Me reading my poem “That Absent Person” at The Bookworm

That Absent Person

I don’t keep track of the days anymore

For years I spoke
in the hours before sleep
and in dream awaited

— reply? spirit?
windows to open?
days turning to years

I think of ancient poets banished
to their frontiers
and know death is not final
but what a road to get there

Behind closed walls and closed doors
I listen to birds
I cannot see
I think on words
not said, and those moments,
leaving you, when I’d forget
the thinness of our remarks,
how I meant to say I was manic
the other morning
craving drink, which I know you hate,
and the skin of boiled milk, do you remember
how it tastes?

So much of what we are
has been defined by not
yet still
I am not your vassal
I am a meanderer seeking the world’s
soul, not its wounds, as you now are

Do not be sorry.
Folklore will know its history
dusk cede to sun
as I shout
Let us go somewhere in the light!

Sorrow, longing
obverse analog of joy,
madness, waiting

I once said you were the best
but the truth is you were
too political
even in the grace
you showed your captors,
too willing to give up
body as vessel and message,
waiting like Wei Sheng
who drowned under a bridge
waiting for his love

It is a great sadness to be loved
It is a great burden to choose love
I have carried your absence
across nights and vast distances,
set it in front of us
like a child
as we marveled across plastic dividers

I long because I long.
Can you understand?
I worry because I worry
I wait because
what they have taken
is not what I would give.
Flatten, confine my body
but this choice remains
mine: this life,
this tree, this bolt
lightening the black horizon,
they have not ceased to amaze
with fire and with the possible

And now that you are close again,
that our mugs touch,
the years have turned back into hours
as we await our ashes to embrace

We are living in the swidden of our love
my dear, in the cool fear of aftershock
expectant for tremors,
the skin of the other
until we are cold with a cold out of marrow,
the cold heat of fever
to burn, to salvage

I love you, I miss you

~

This was part of a poetry reading highlighted by U.S. Poet Laureate Tracy K. Smith at The Bookworm, Beijing, on October 9, 2017, hosted by Anthony Tao, also featuring Mario Bojorquez, Yi Lei, Ming Di, Simon Shieh and Kassy Lee.

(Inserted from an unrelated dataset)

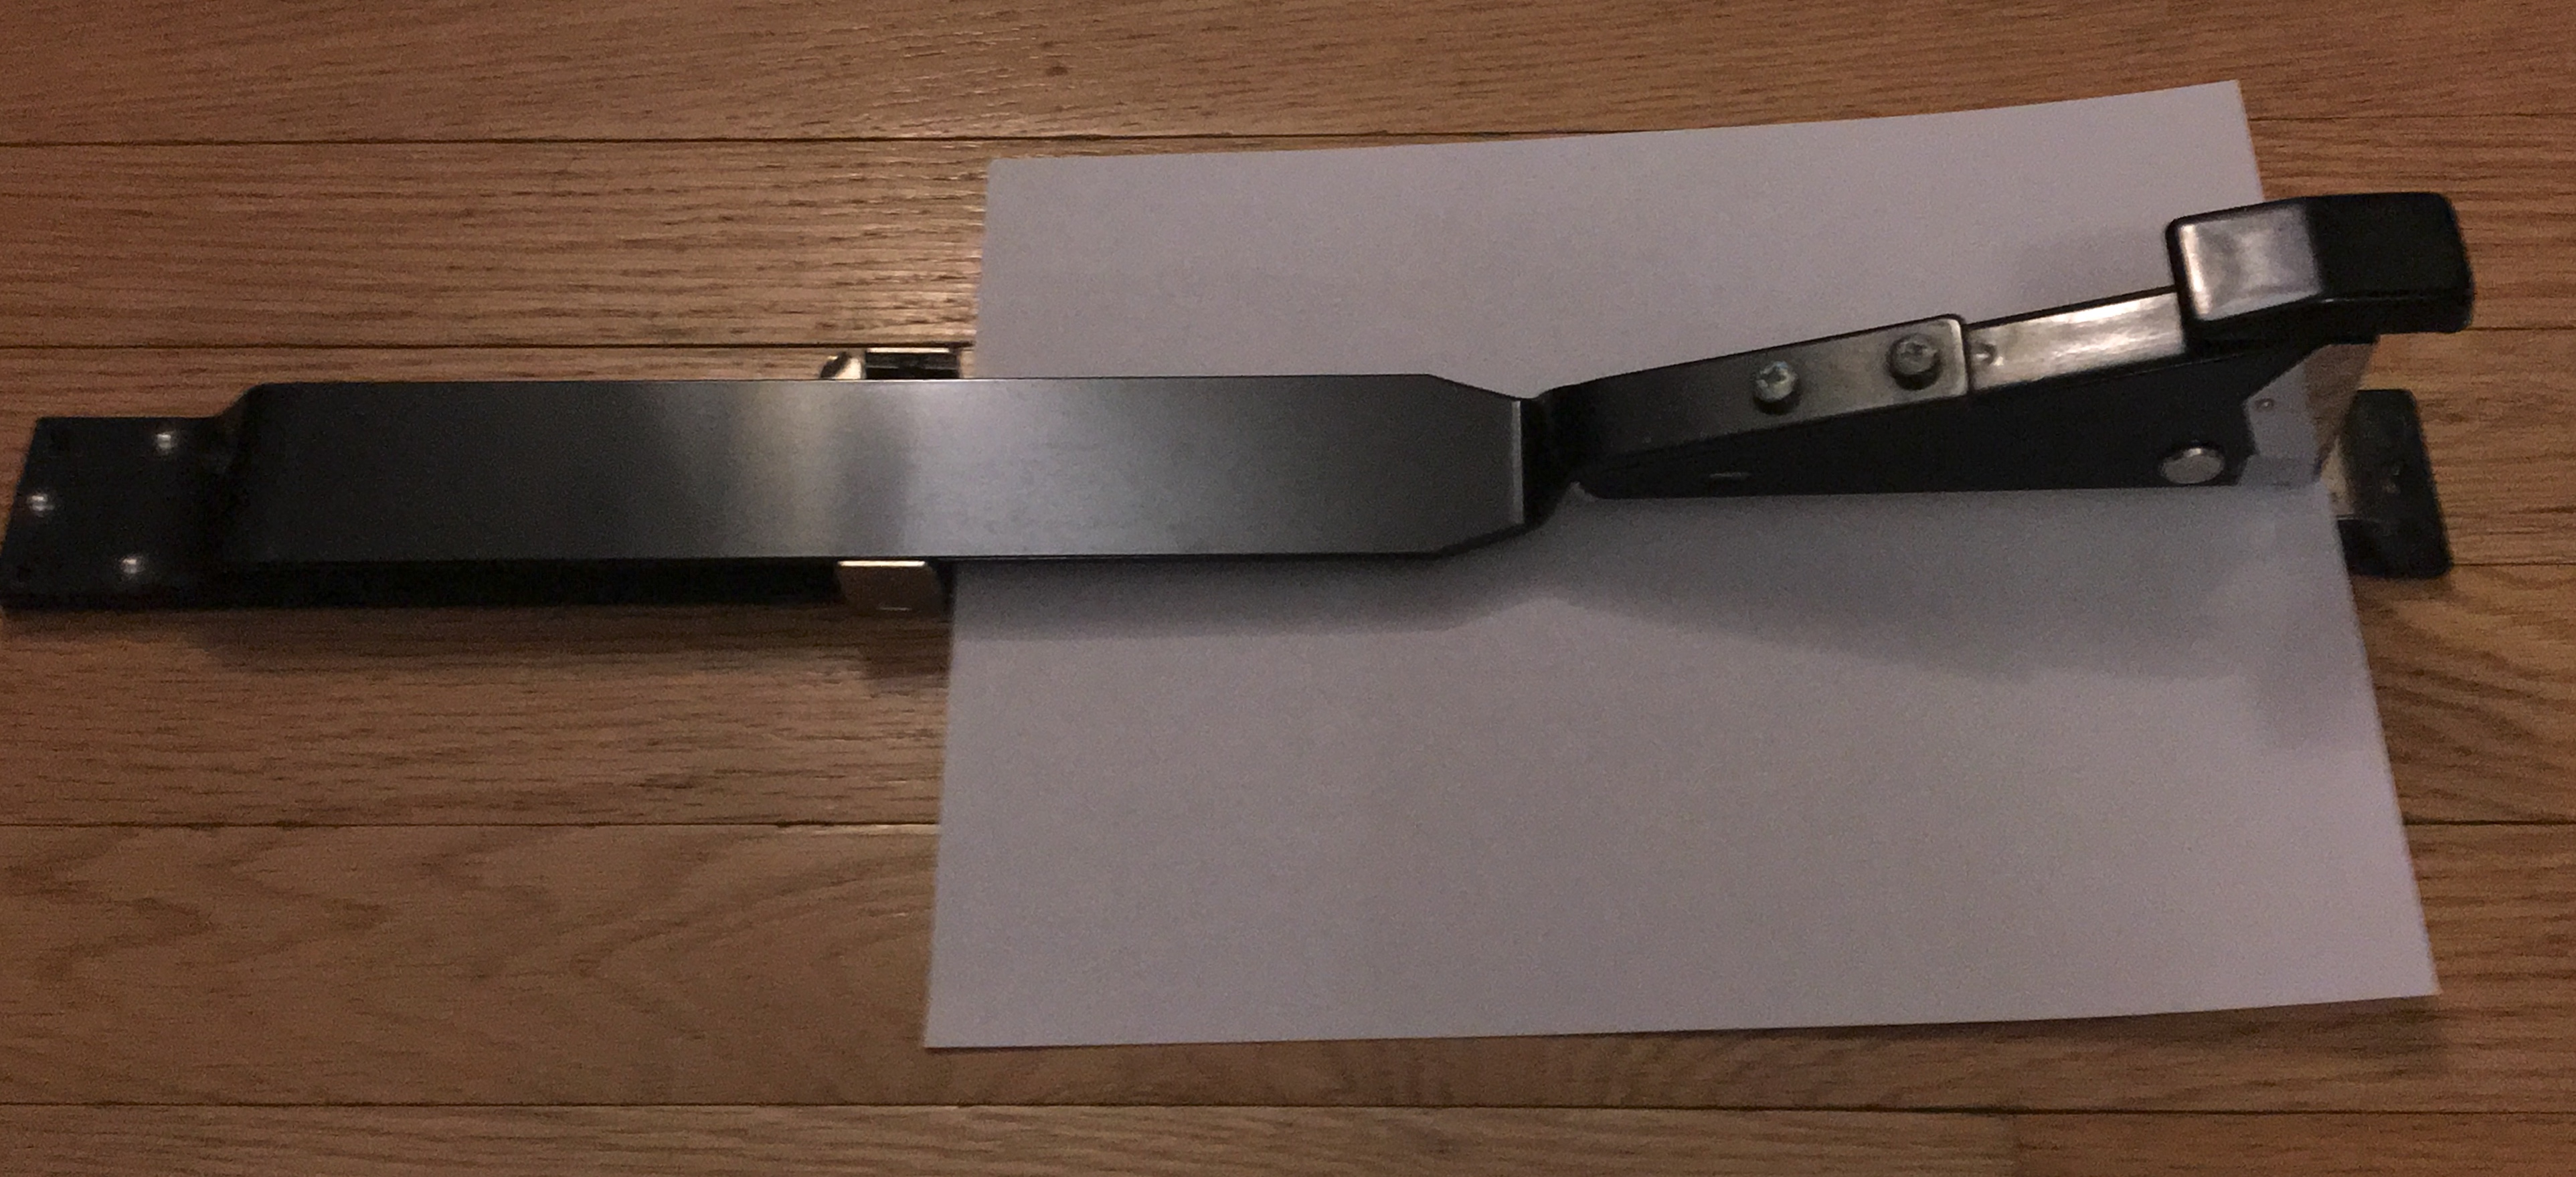 The long arm of the stapler

The title of this poem comes from a line in a letter the Chinese poet Liu Xia, wife of Nobel Peace Prize laureate Liu Xiaobo, wrote to an American friend in July 2013: “I can only wonder how or through what special power you manage to keep on writing when the protagonist for whom you are pleading is absent… I have faith that there will come a day when that absent person writes another part of his (her) story.”

The poem’s first line is from an interview Liu Xia gave the Associated Press in December 2012, two years after she was put under house arrest for no crime except being Liu Xiaobo’s wife.

The poem’s final line (“I love you, I miss you”) was spoken by Liu Xia on April 23, 2013, outside of a courthouse where her younger brother, Liu Hui, was fighting dubious charges of financial fraud. Now released on bail, Liu Hui had been sentenced to eleven years, the same prison term Liu Xiaobo received in 2009 for state subversion.

Liu Xiaobo died on July 13, 2017 with Liu Xia by his side. As reported by the New York Times, one of his final handwritten notes read: “Love as intense as ice, love as remote as blackness. My praise is perhaps an unforgivable poison.”